Export nothing by default: compile with -fvisibility=hidden -fvisibility-inlines-hidden (and/or a local: *; version script). Expose only a flat extern "C" surface of opaque-handle (void*) functions taking POD and pointers — no C++ types across the boundary. Mark each exported function with a cross-platform *_API macro (visibility("default") on ELF, __declspec(dllexport) on PE). Maintain the export list in a version script / .def as the single source of truth. This gives a small, enforceable, compiler-independent ABI; review nm -D output to confirm only the intended symbols are exported.

Question 30

You must change a function's behavior in a shipped library without breaking already-deployed binaries. How?

Use symbol versioning (GNU ld). Keep the old implementation as a compatibility version and add the new one as the default: .symver do_thing_v1, do_thing@MYLIB_1.0 and .symver do_thing_v2, do_thing@@MYLIB_2.0, with a version script declaring both nodes. New programs bind do_thing@@MYLIB_2.0; binaries linked against your old release keep resolving do_thing@MYLIB_1.0. One .so, two behaviors, zero field breakage — exactly how glibc evolves.

Question 31

How do you ship a small, stripped production binary while keeping the ability to symbolize field crashes?
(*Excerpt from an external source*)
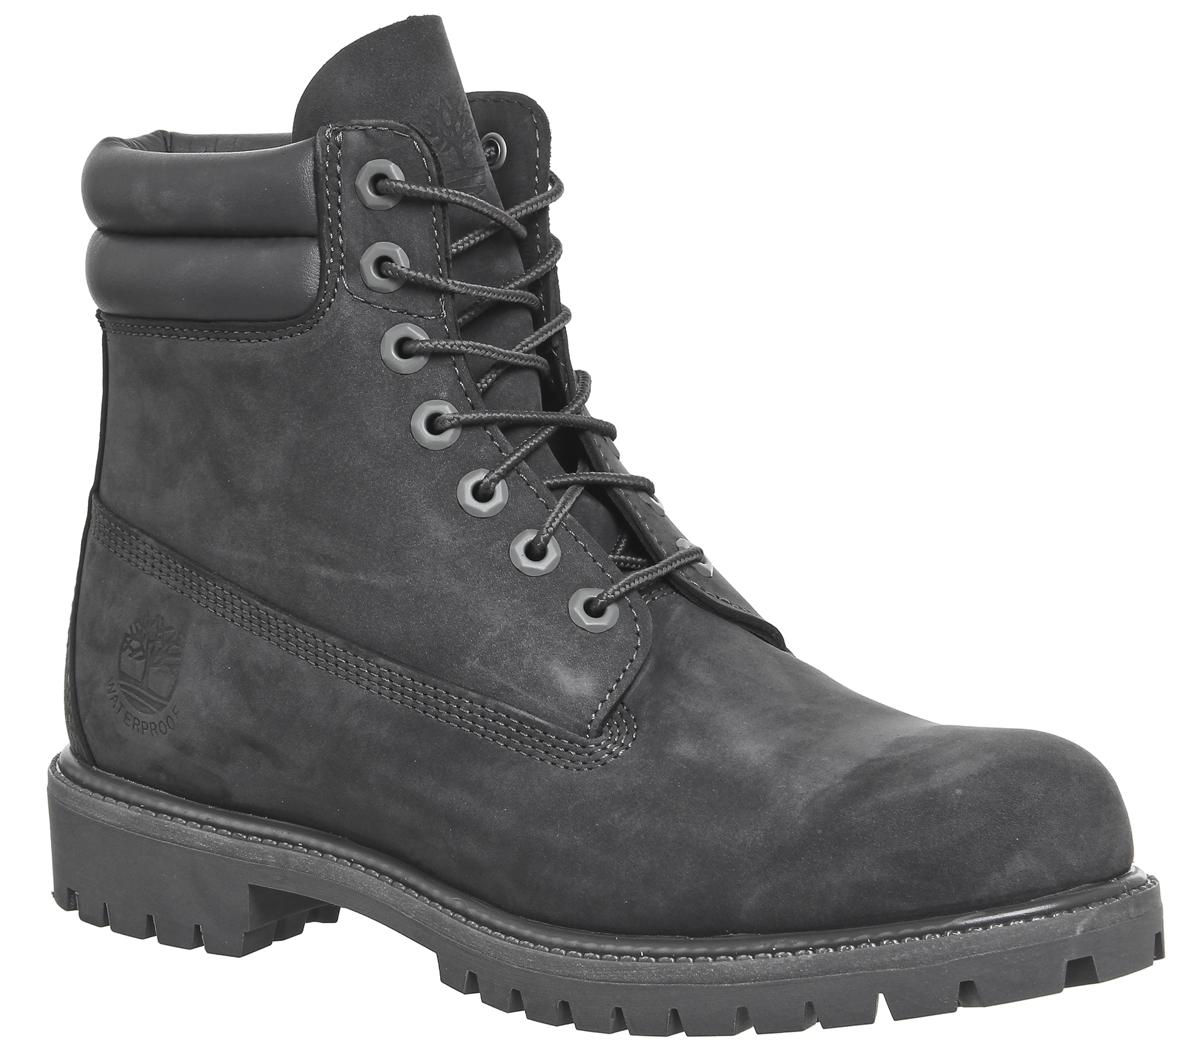 grey 6 inch timberland boots

Split debug info into a sidecar: objcopy --only-keep-debug app app.debug to archive full symbols in a symbol server, strip --strip-debug --strip-unneeded app to shrink the shipped binary, and objcopy --add-gnu-debuglink=app.debug app to connect them. The shipped binary is small and leaks no internal symbols; a crash from the field plus the archived app.debug still yields fully demangled, line-numbered backtraces. Lose the sidecar and you lose symbolication, so archive it reliably.

Question 32

You're exposing a Rust core to C and to Python (via ctypes). How do you design the symbol surface?

Put the entire FFI surface in one module, each function #[no_mangle] pub extern "C" taking only C-ABI types (raw pointers, repr(C) structs, integers) — opaque-handle pattern (*mut Engine created/destroyed by exported functions). Generate the matching C header with cbindgen so the header and the actual symbols stay in sync. Verify with nm -D that the exported names are exactly the plain, unmangled ones Python/C expect. The flat C surface is simultaneously the C ABI and the ctypes ABI; no caller ever sees a _R... symbol or a Rust type layout.


Closing Note

The thread through every band: the linker is a string-matcher with no type knowledge, so everything — overloading, scopes, FFI, ABI evolution — is solved by controlling what strings end up in the symbol table and what they bind to. The strongest candidates reach for nm, c++filt, objdump -T, and a version script the way other engineers reach for a debugger, and they treat the dynamic symbol table as a contract to be designed, not a side effect to be ignored.